Law Lessons from BROWN-HILL MORGAN, LLC V. ROBERT LEHRER, ET AL.; J.C. MORGAN REALTY, LLC, ET AL. V. BROWN-HILL MORGAN, LLC, ET AL., App. Div., A-1069-08T3, August 12, 2010:
N.J.S.A. 42:2B-23 provides:
Except as otherwise provided by this act, the debts, obligations and liabilities of a limited liability company, whether arising in contract, tort or otherwise, shall be solely the debts, obligations and liabilities of the limited liability company; and no member, manager, employee or agent of a limited liability company shall be obligated personally for any such debt, obligation or liability of the limited liability company, or for any debt, obligation or liability of any other member, manager, employee or agent of the limited liability company, by reason of being a member, or acting as a manager, employee or agent of the limited liability company.
The doctrine of piercing the corporate veil, developed under the principles of corporate law, may be applied to limited liability companies.
“[P]iercing the corporate veil is not technically a mechanism for imposing legal liability, but for remedying the fundamental unfairness that will result from a failure to disregard the corporate form.” Verni ex rel.
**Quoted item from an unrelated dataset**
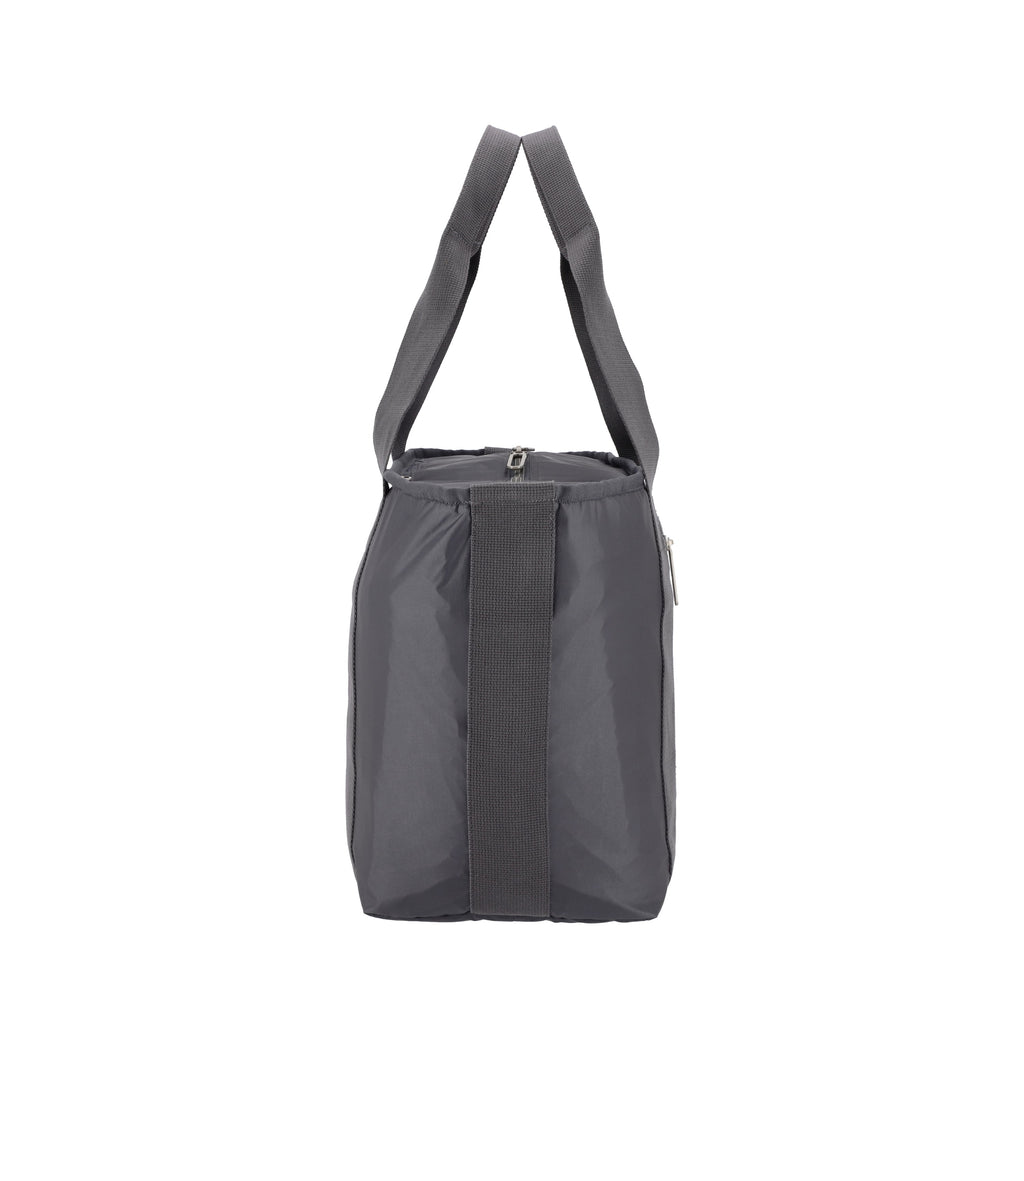 Essential East/West Tote - 24642704277552

Burstein v. Stevens, 387 N.J. Super. 160, 199 (App. Div. 2006), certif. denied, 189 N.J. 429 (2007).
A party is entitled to structure a transaction in a manner to maximize his own return, but he cannot, in a court of equity, be permitted to walk away from the reality of the transaction. “[E]quity [regards] substance[,] rather than form.” Assocs. Home Equity Servs. Inc. v. Troup, 343 N.J. Super. 254, 276 (App. Div. 2001); Fortugno v. Hudson Manure Co., 51 N.J. Super. 482, 500-01 (App. Div. 1958); Ardito v. Bd. of Trs., Our Lady of Fatima Chapel, 281 N.J. Super. 459, 468 (Ch. Div. 1995).
New Jersey courts will pierce the corporate veil when necessary “to prevent an independent corporation from being used to defeat the ends of justice, to perpetrate a fraud, to accomplish a crime, or otherwise to evade the law.” Tung v. Briant Park Homes, Inc., 287 N.J. Super. 232, 239-40 (App. Div. 1996).
A corporate subsidiary’s veil may be pierced “on a finding that the parent so dominated the subsidiary that it had no separate existence but was merely a conduit for the parent[,]” and that the piercing is necessary to avoid an injustice. State, Dep’t of Envtl. Prot. v. Ventron Corp., 94 N.J. 473, 501 (1983).
A party seeking to pierce the corporate veil bears the burden of establishing that the corporate form should be disregarded. Richard A. Pulaski Constr. Co. v. Air Frame Hangars, Inc., 195 N.J. 457, 472 (2008).
A court will look to various factors, including “whether the subsidiary was grossly undercapitalized, the day-to-day involvement of the parent’s directors, officers and personnel, and whether the subsidiary fails to observe corporate formalities, pays no dividends, is insolvent, lacks corporate records, or is merely a facade.” Verni, supra, 387 N.J. Super. at 200. The inquiry is factspecific. Ibid.